TRANSPOSITIONS: 257 follows 259; 262-63 follow 265; 339 and 340 are not transposed; 388 and 390 are transposed, appearing as <394> and <392>; 412-413 follow 423; 546-47 follow 550; 579-84 follow 590; 1638-42 follow 1663. P/N do not adopt Willink’s suggested transpositions at 1600ff.

ATTRIBUTION OF LINES: Lines 960-64, 971-75, and 982-1012 are given to Electra; 965-70 and 976-81 to the chorus. Lines 1263-64 seem to be split between Electra and the Chorus. Lines 1297-98 are given to Electra; 1289-90, 1299-1300, and 1302ff. are given to the chorus.

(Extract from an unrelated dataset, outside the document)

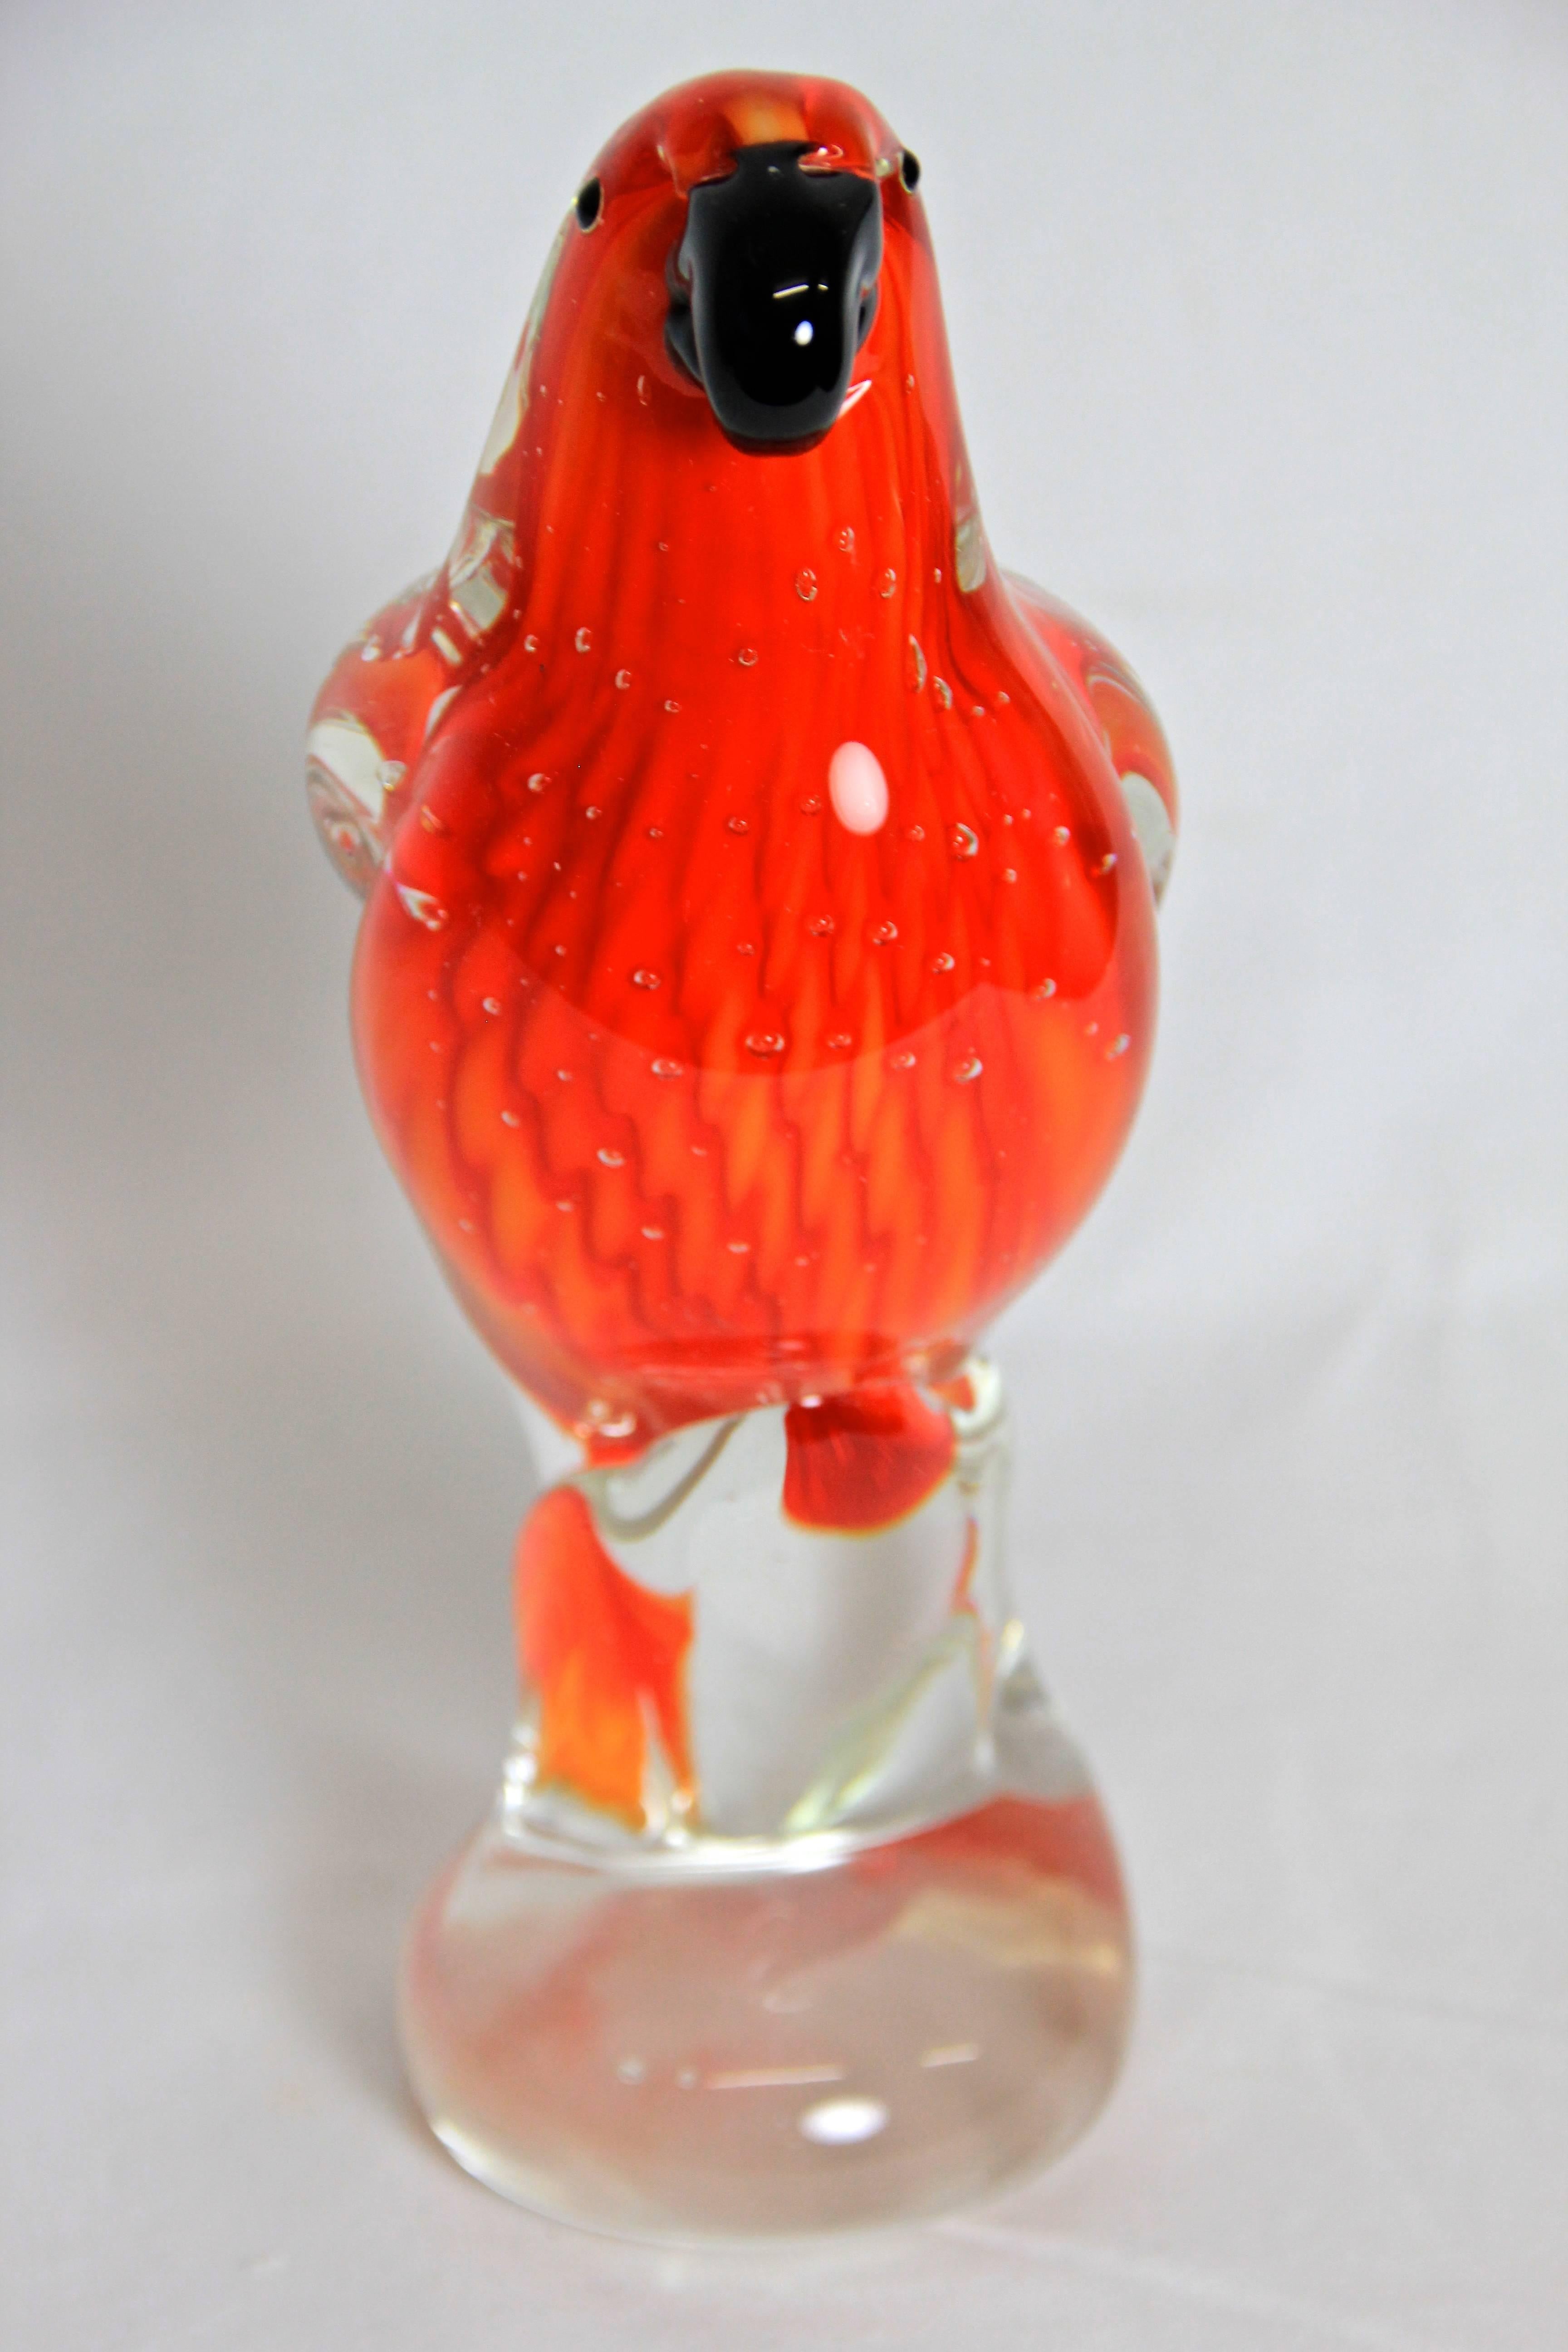 In this selection we are offering you eight properly selected Murano Glass Art pieces in absolute excellent quality. Every connoisseur or collector will know what we are talking about!
The last masterpiece in our rare selection is this fine Murano

SOME UNFORTUNATE OR INCORRECT RENDERINGS: “toiling men” (<181>); “black oracle” (<194>—μέλεον suggesting μέλαν, or free invention?); “You say you won’t, but in your mind …” (<251>); “this gruesome agony” (<338>); “grown in the beds of the gods” (<352>); “pain” (<402>—scarcely more clear than Orestes’ earlier description of his ailment); “Do I need witnesses” (<540-41>); <553-54>; <556-58> and <574-75> (where the contrast ὅσιος is lost and the ring composition obscured); <659> (where some reference is needed to the “duplicity” of Menelaus’ pacing mirroring that of his thoughts); “not able to count on the friends I left behind” (<723>); “patriotic when it suits him” (<945>); “… see how fate presses / steadily against your hopes” (<1018-19>); “the corpse of Myrtilos” (<1037>); “flesh feast” (<1055>—inspired by Tony Harrison’s Oresteia ?); “to the throne” (<1487>); “latrines” (<1500>).

  • [1] In Vellacott’s Penguin translation Or appears with Hcld, Andr, Su, Phoen, and IA; in Grene and Lattimore, with Su, IA, and Rh. To my knowledge, Or is not included in any of the popular English language anthologies. [2] P/N, pp. 8-9, citing M. L. West, ed., Euripides Orestes [Warminster, 1987], p. 28. (This comment by West seems to be the basis of the unsubstantiated statement on p. 18 [echoed on the back cover] that Or.“was performed more often than any tragedy in the ancient world”.) [3] The recent publication of Diggle’s OCT adds to the difficulty of evaluating P/N. Whereas P/N tend to defer to Willink, Diggle often does not. (At 811, for instance, Diggle reads πάλιν παλαιᾶς.) To avoid confusion, I have omitted consideration of Diggle’s text from my discussion.